The present invention relates to welding machines and in particular to internal pipe welding machines.

Welding machines are known in which pneumatic rams situated in front of a welding plane operate to move positioning abutments into a deployed position to enable the machine to be correctly positioned relative to the end of a pipeline. However such positioning abutments rely on there being sufficient air pressure in the rams. Under some circumstances eg. when the pipeline is being laid in an uphill direction and where the air in an air receiver tank situated on the internal pipe welding machine has been depleted as a result of driving the internal pipe welding machine uphill from the previous welded joint, the ram air pressure can be sufficiently low such that misalignment of the pipe welding machine relative to the joint occurs. If such misalignment is not initially noticed and a welding operation takes place some or all of the weld bead will miss the joint between the pipeline and pipe requiring subsequent cutting out of the now welded portion and subsequent correct rewelding, all of which is time consuming and expensive.

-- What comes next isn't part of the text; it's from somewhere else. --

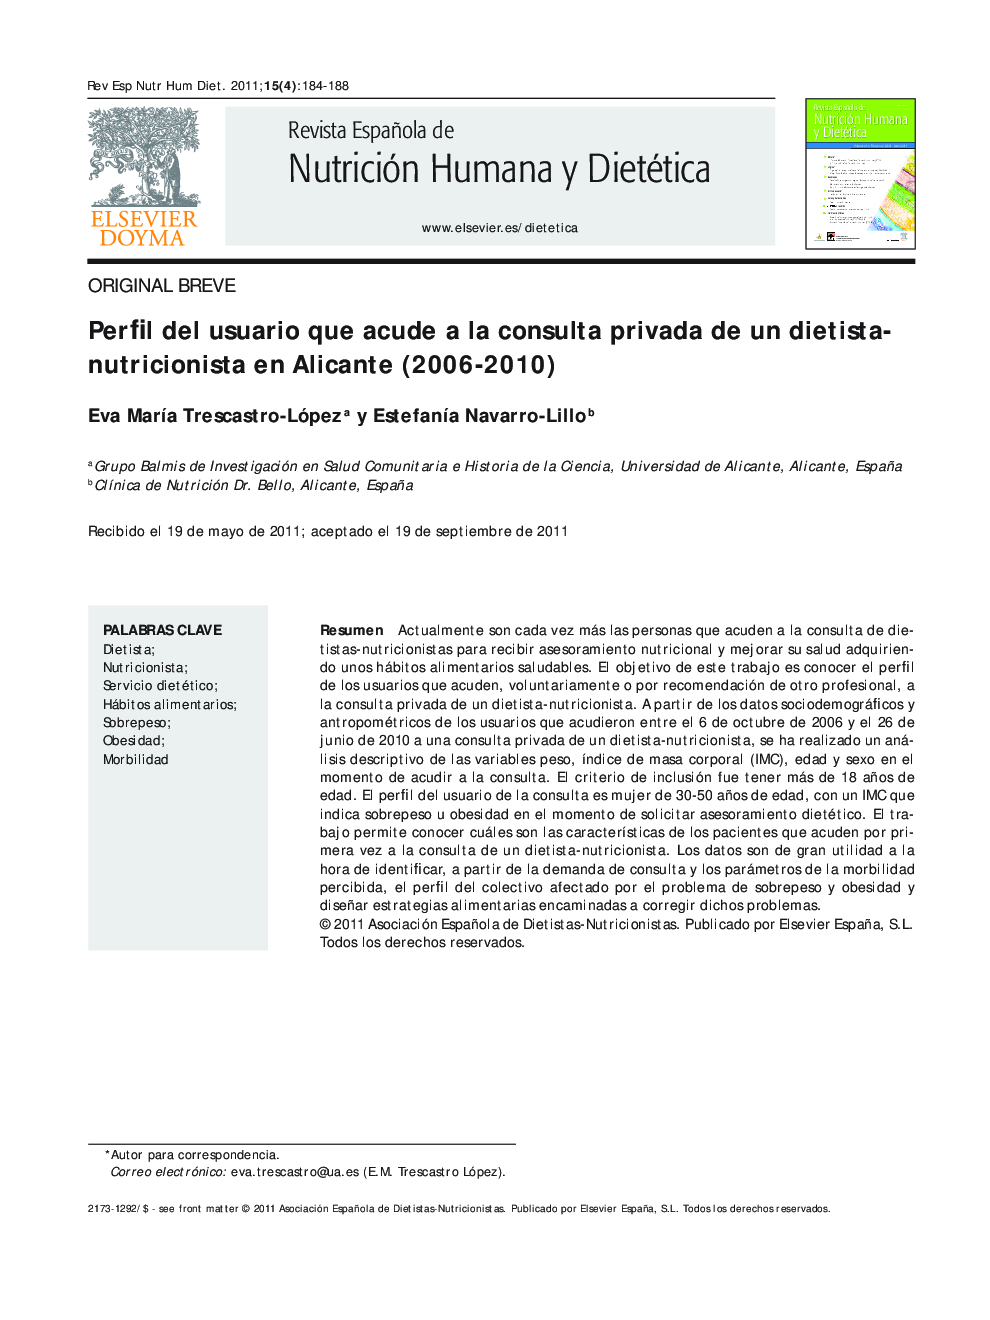 Perfil del usuario que acude a la consulta privada de un dietista-nutricionista en Alicante (2006-2010)

According to the present invention there is provided an internal pipe welding machine including a plurality of arrester assemblies to correctly position the welding machine relative to an end of a pipeline to be welded, each arrester being moveable between a deployed position in which a positioning abutment is capable of abutting the end of the pipeline and a retracted position.

An embodiment of the present invention will now be described by way of example only with reference to the accompanying drawings in which:- Figures 1-5 are successive composite cross-sectional views of an internal pipe welding machine according to the present invention;

Figure 6 is an enlarged view of an arrester assembly of figure 3 shown substantially in isolation for clarity;

Figure 7 is a cross-sectional view of a sleeve guide;

Figures 8 -11 are successive cross-sectional views of the arrester assembly of figure 6;

Figure 12 is a view in the direction of arrow B of figure 6;

Figure 13 is a cross-section view taken along the line C of figure 6;

Figure 14 is a composite view of rod 416;

Figure 15 is a part view of sleeve 412; and

Figure 16 is a developed view of the rotation groove 480.

With reference to figures 1-5 there is shown an internal pipe welding machine 10 positioned within a pipeline 1. The pipeline 1 comprises a series of pipes each of which have been welded together to ensure a fluid tight pipeline. The internal pipe welding machine 10 enables the joint 6 between the end 4 of pipeline 1 and end 5 of adjacent pipe 3 to be welded from the inside. Additionally the joint 6 can be welded from the outside by the use of a separate external pipe welding machine.

The internal pipe welding machine 10 comprises the following major components :-

a) Nose cone assembly 20 b) Thruster assembly 30 c) A plurality of arrester assemblies 40 d) A plurality of automatic welder assemblies 50 e) An articulated joint assembly 60 f) A drive assembly 70 g) An air receiver 80 h) A command rod coupling 85, and i) A chassis 11

The nose cone assembly 20 includes a manual welder 19 including a welding torch 21 along with a spool of welding wire 22. The nose cone assembly 20 includes a plate 23 to which the thruster assembly 30 is connected. The nose cone assembly also includes a plurality of circumferentially equispaced pivotal guide arms 24 (in this case six) which are also connected to the thruster assembly 30.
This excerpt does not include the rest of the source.